В другое время Киялхан не преминул бы иронически заметить — не вслух, так хотя бы про себя, — что искать его должны ближайшие родственнички, а не чужая старуха… но теперь ему было не до того. С напряженным вниманием смотрел он на сраженную молнией сосну. И, заметив это, женге охотно переменила разговор:
— О, сколько бесплатных дров валяется! В другой раз ветку лишнюю обломишь — плати штраф, а тут сам аллах дров наломал, вот пусть его и штрафуют…
Но и на этот раз кайным не отозвался, все так же неподвижно, странно, с мучительным напряжением глядя на дымившиеся останки огромного дерева. В голове Киялхана, только что побывавшего под шквалом и градом небывалой грозы, словно вновь заполыхали молнии. Именно в эту минуту в его истерзанном мозгу возникла эта странная мысль: выкопать жасын — остывшую стрелу молнии, которая ушла, должно быть, в землю и лежит в корнях погибшей сосны.

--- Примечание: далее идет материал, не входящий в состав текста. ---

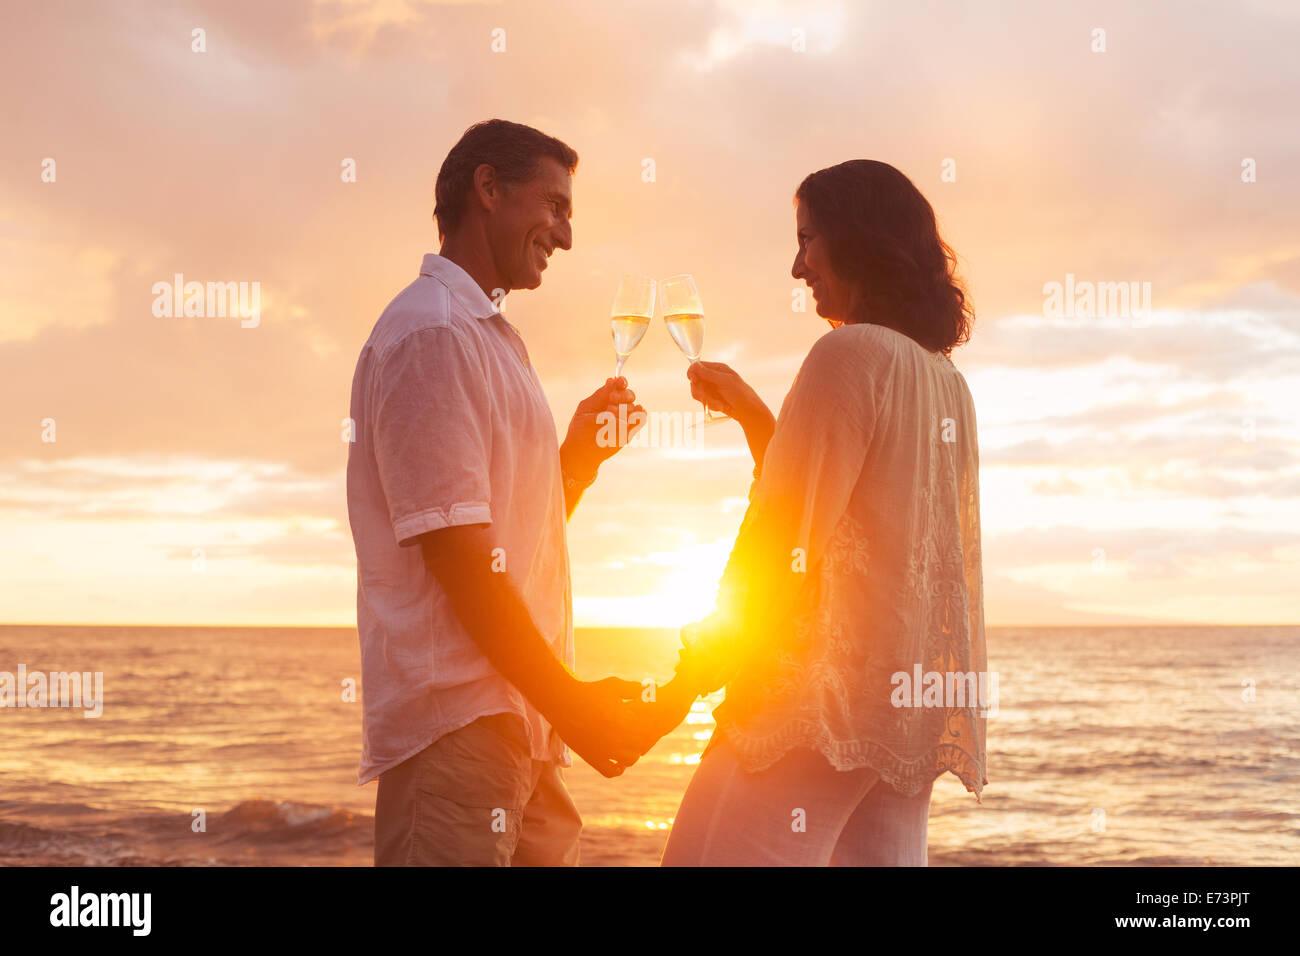 Felice coppia romantica gustando un bicchiere di champagne al tramonto sulla spiaggia. Vacanze viaggi pensionamento Immagini Stock

И вот уже третий день Киялхан роет яму под сгоревшей сосной. Он не вылезает оттуда, чтобы идти обедать, и старой Ак-апе приходится носить ему еду из дома. В ауле люди только руками разводили. К яме приблизиться не решались — стояли поодаль, качали головами и, недоуменно поцокав языком, расходились— подальше от греха. Но сегодня подошел Тойганбай, сел на край ямы и долго сидел, глядя выпученными глазами на вымазанного землей Киялхана. Открыл рот, желая, видимо, сказать что-то, но не осмелился. И лишь под конец, уходя, промямлил:
— Ты, говорят, хочешь того… чтобы войны не было и все такое прочее. Х-м! Ерунду ты затеял, Киялхан, вот что…
— Да, черт возьми, я объявляю войну войнам! — закричал из ямы Киялхан. — Но первый мой враг ты! Тебе я тоже объявляю войну! Исчезни отсюда, пока цел!..
Потом приходил дядя Киялхана, пастух. Постоял и, так и не решившись заговорить, ушел… Прибыл наконец бригадир, ткнул камчой в пустоту ямы и закричал:
— Эй! Полоумный! Чего ты там ищешь, а? Лучше бы вырыл мне силосную яму, чем горелый пень корчевать!
Киялхан не ответил ему, бригадир ушел.
И вот на исходе дня бедный философ сам стал понимать, что роет понапрасну. От тяжелой и долгой работы трезвость и спокойствие постепенно вернулись к нему. Киялхан отбросил лопату, сел, привалясь спиною к стенке ямы, и, запрокинув голову, глядя в небо… уснул глубоким, невинным сном, улыбаясь, словно предчувствуя близкое счастье. И во сне снова привиделась ему девушка в красном платье. Смеясь радостно, она сливала ему на руки из медного кувшина, а потом состригла ему ногти и подала белейший верблюжий чапан…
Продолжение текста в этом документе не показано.